An early study conducted in 2014 explored the use of sensor data from crowdsourced CVs for effective pavement data collection and found that new metrics from this source could be implemented for transportation asset management practices within the near term of 3 - 5 years [25]. Bridgelall et al. used data from on-board accelerometers and speed sensors to estimate road roughness indices and found that the average margin of error between the measurements was less than 6% [26]. Researchers have also investigated the possibility of augmenting standard pavement survey data with spatiotemporally continuous sensor data crowdsourced from CVs. Kargah-Ostadi et al. leveraged a physics-integrated machine learning model and quarter-car simulation approach to predict standard IRI values using speed, acceleration and suspension data. The evaluation results yielded high accuracy, precision and generalization capability between the training and test datasets, especially on smoother road profiles [27].

A recent study exploring the potential uses of CV technologies found that utilizing sensor data from CVs for pavement evaluation offers a cost-effective and efficient approach [28]. Few studies have used enhanced real-world CV data to evaluate pavement quality. A study compared IRI estimates from connected production vehicle data and inertial profilers, and found that there was a good correlation between the two with an R² value of 0.79 [29]. Another study highlighted the scalability of this data by analyzing pavement roughness over 5800 miles of I-80 using CV data from 730,000 crowdsourced segments [30]. Other studies have applied machine learning techniques on data from inertial sensors to estimate roughness index [31] [32]. In general, the results suggest that estimated roughness from crowdsourced CV data is a viable tool for network level screening of pavement quality.

3. Study Objectives

The objectives of this study are the following:

Develop a framework using crowdsourced CV data to identify and detect temporal changes in IRI
Perform qualitative validation of the results from the crowdsourced data using dashcam imagery from commercial trucks
Conduct analysis and comparisons at both systemwide levels and at individual interstates or road sections in Indiana
Perform annual, monthly, and daily comparisons to understand how pavement conditions vary over time so agencies can adopt a systematic approach for the quantitative monitoring of pavement quality

4. Data

4.1. Connected Vehicles

Enhanced CV data is currently available commercially through several third-party vendors.
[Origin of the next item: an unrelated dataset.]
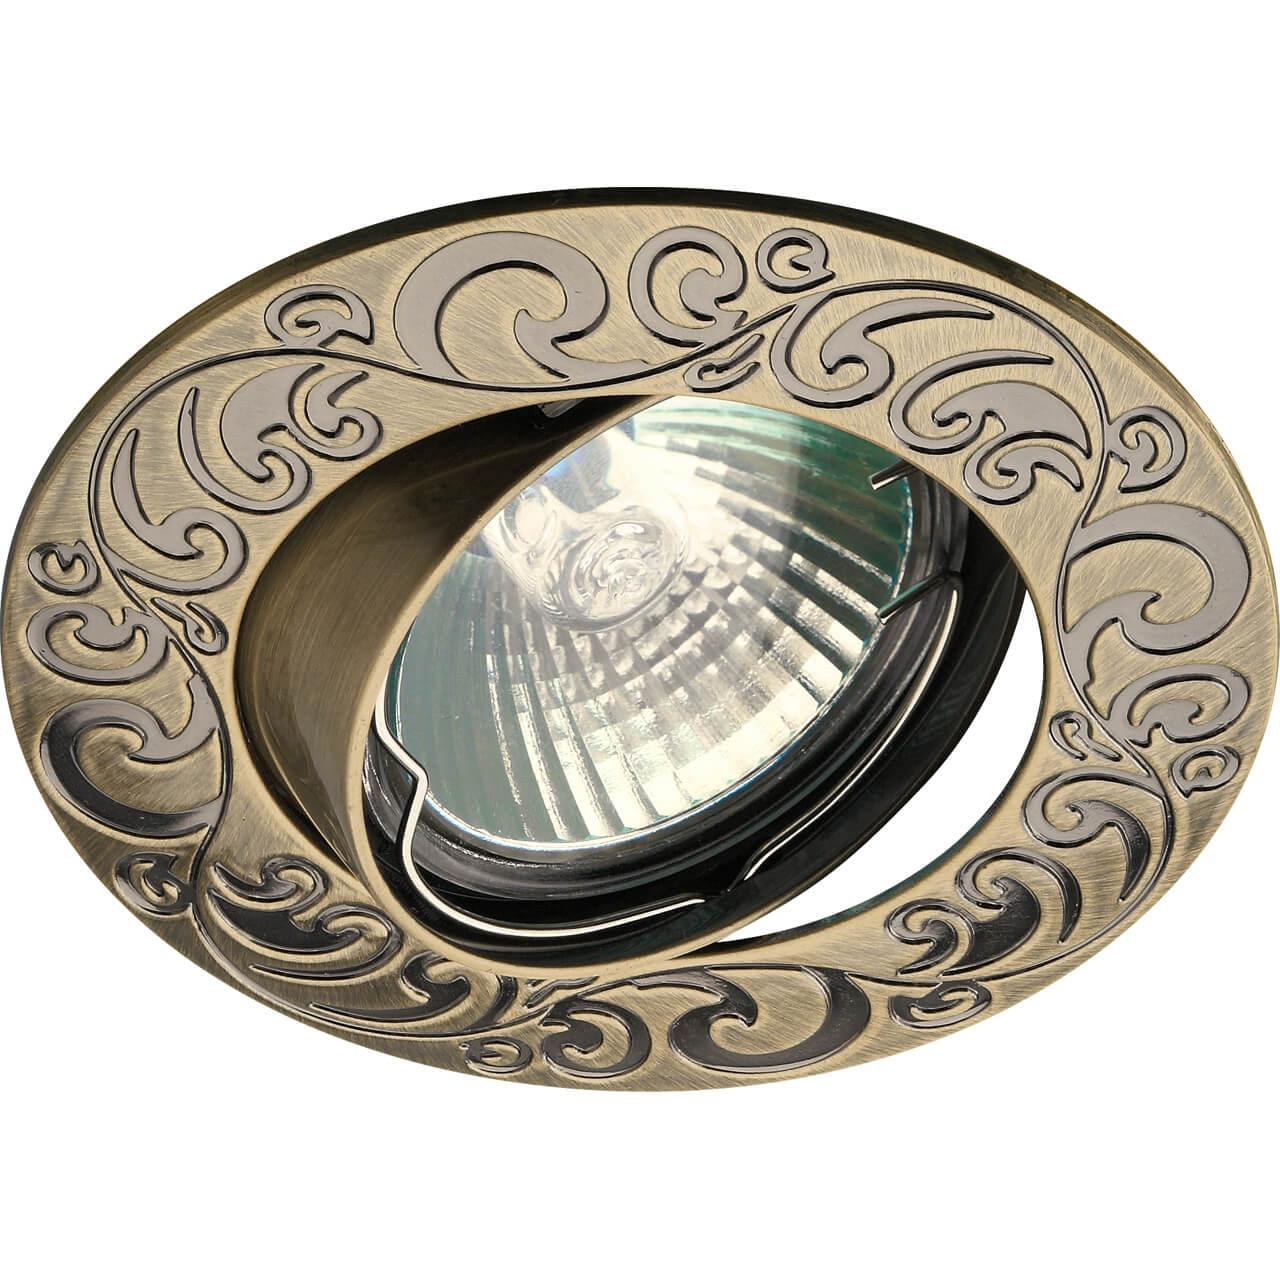 Встраиваемый светильник ЭРА Литой KL26 А SB цена
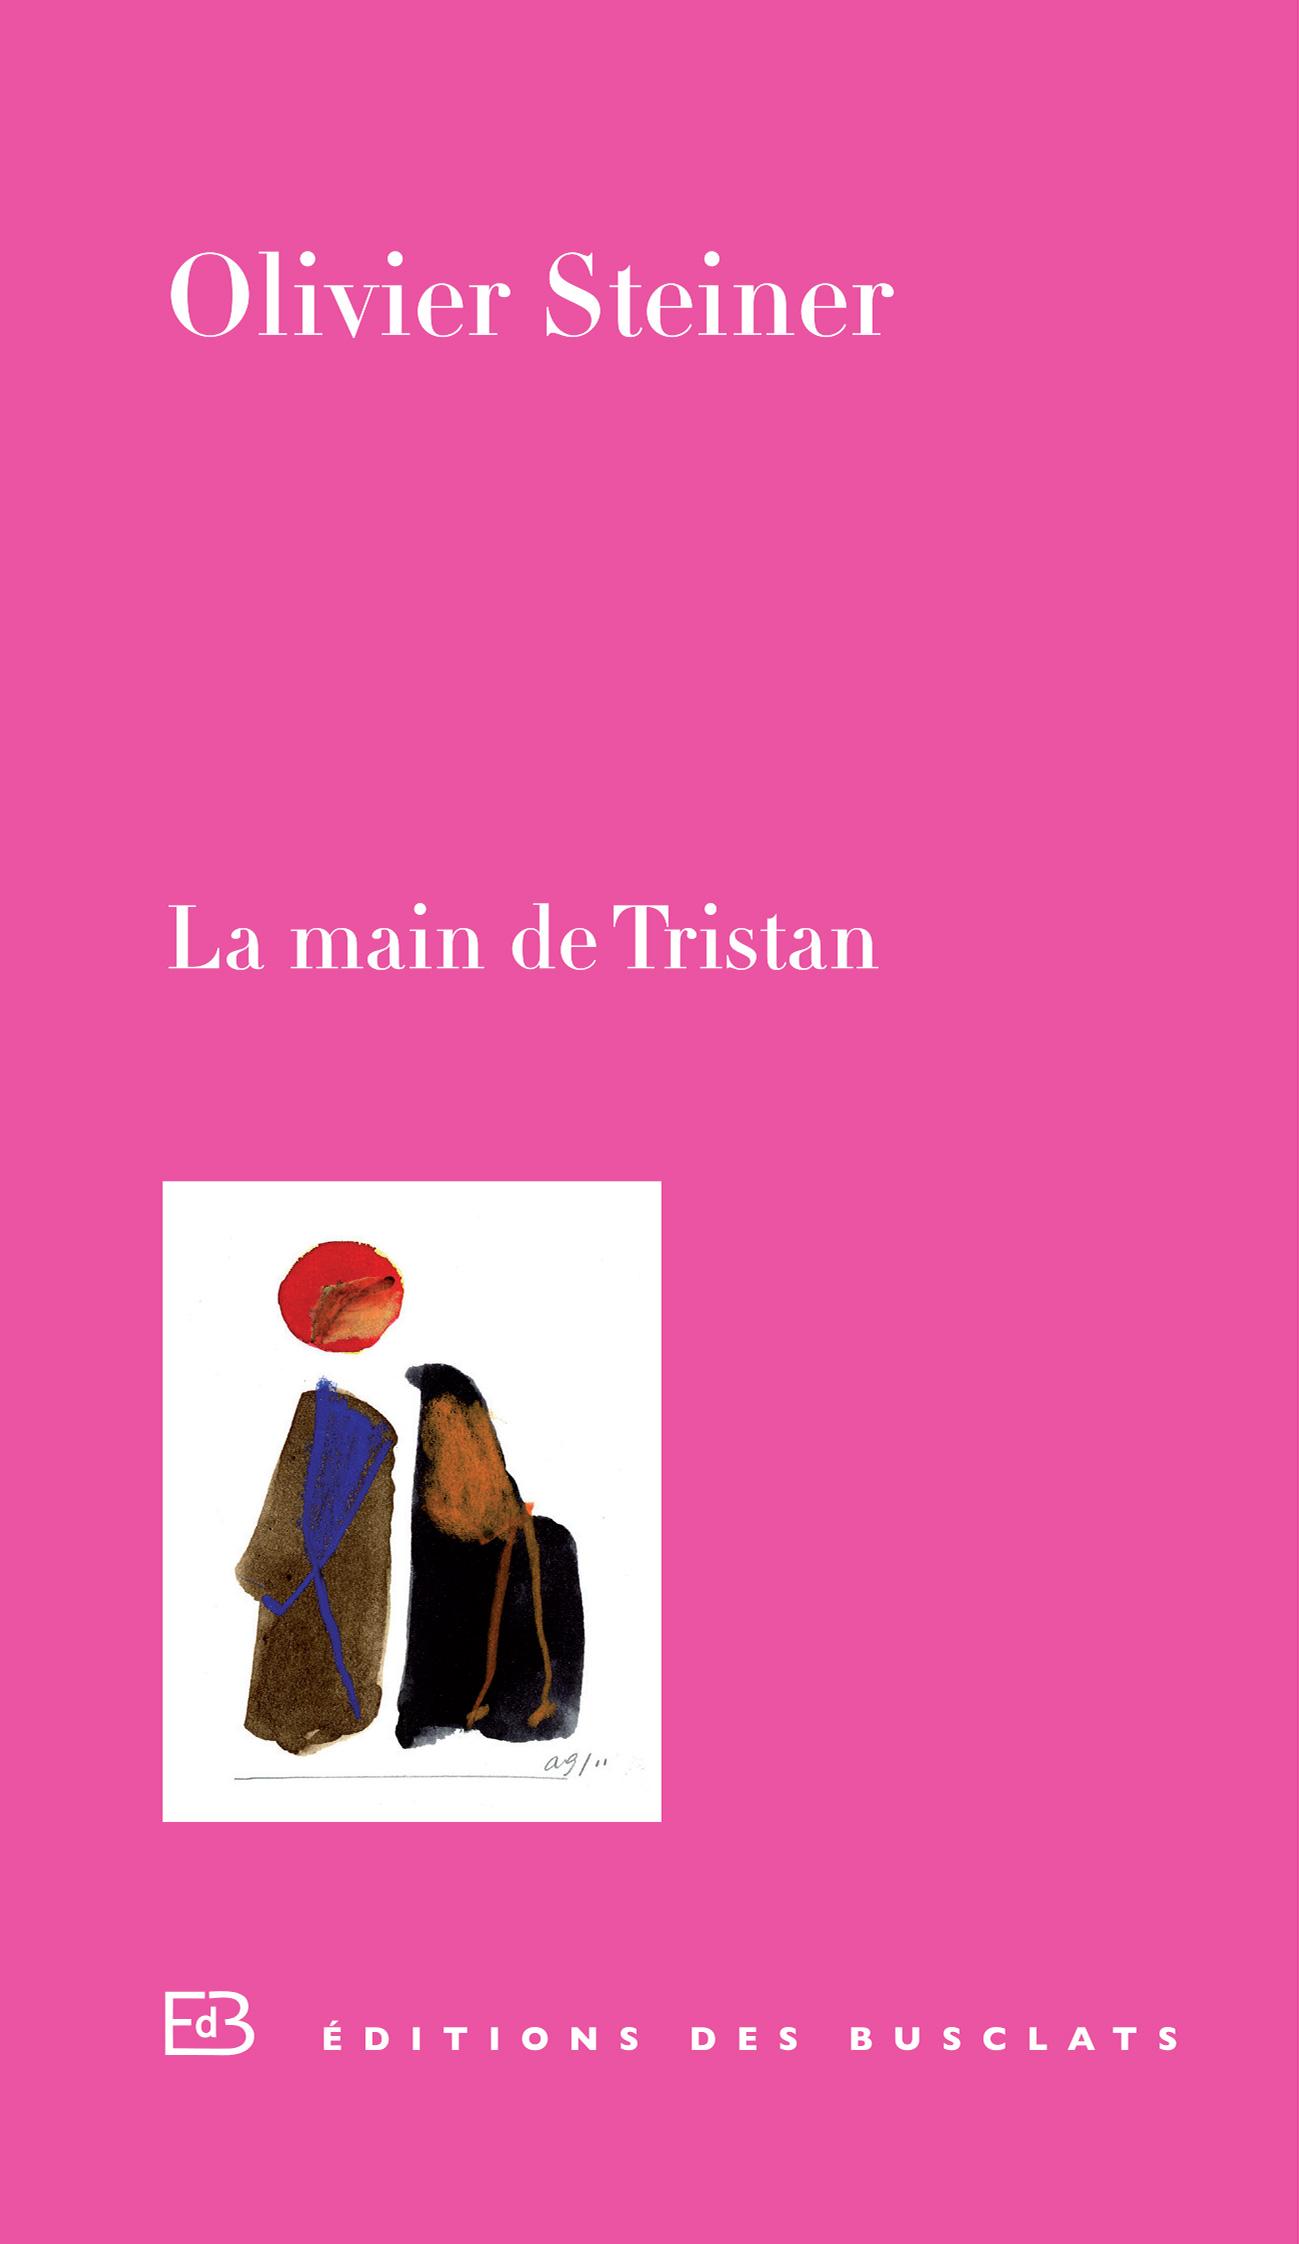 La main de Tristan

Data from on-board equipment such as accelerometers, pressure sensors, GPS and other vision/ultrasonic sensors are capable of extracting information on the current state of the pavement conditions. A new system in production vehicles can now provide pavement quality information by analyzing individual wheel speeds and drivetrain information [33]. This crowdsourced information from multiple vehicles is then analyzed over a moving window of 60 days to generate an estimated IRI value for a pavement segment.

Figure 1 shows a count of the total daily CV records with pavement quality information available in Indiana between January 2022 and June 2024. On average, there are roughly 4.5 million records available per day which results in a sum of over 3 billion records during the study period of 30 months. The drops in the plot represent days with data outages (less than 1% of all the days). Data is refreshed every day and is available on spatial segments of 50 to 85 ft in length. The spatial segments are then mapped to 0.1-mile intestate segments using a methodology similar to the one highlighted by Mathew et al. [34] to follow a systematic linear referencing approach. Aggregation is performed using median values to estimate the IRI for these 0.1-mile interstate segments. For CV segments spanning two adjacent interstate segments, only the first interstate segment in the direction of travel is included in the aggregation to avoid sampling bias. Although the analyses presented in this study are mostly over 0.1-mi and 1-mi segments, additional aggregations over different segments lengths and appropriate highway segmentations [35] can be easily performed.

Figure 1. Daily count of connected vehicle records.

4.2. Images

Dashcam images from Google street view, agency dashcams, and commercial truck dashcams are used to validate the results from the CV data. The commercial truck dashcam providers have capability to supply on-demand images from more than 64,000 trucks operating on U.S. roadways. The section of I-65 presented in this paper was traversed by approximately 230 trucks per day.

5. Systemwide Overview of Pavement Condition

Figure 2 provides an annual comparison of the median roughness across all interstates (by direction) in Indiana during the study period. Table 1 shows the total bi-directional miles of interstate roadways classified by pavement roughness condition between 2022 and 2024. The classification is performed using the IRI thresholds outlined by Federal Highway Administration (FHWA) [36]. In general,

The miles of interstates classified as “Good” decreased from 1896.1 miles to 1661.2 miles between 2022 and 2024
The miles of interstate classified as “Needs Maintenance” increased from 82.8 miles to 120.7

Changes in specific interstates are shown in Figure 2.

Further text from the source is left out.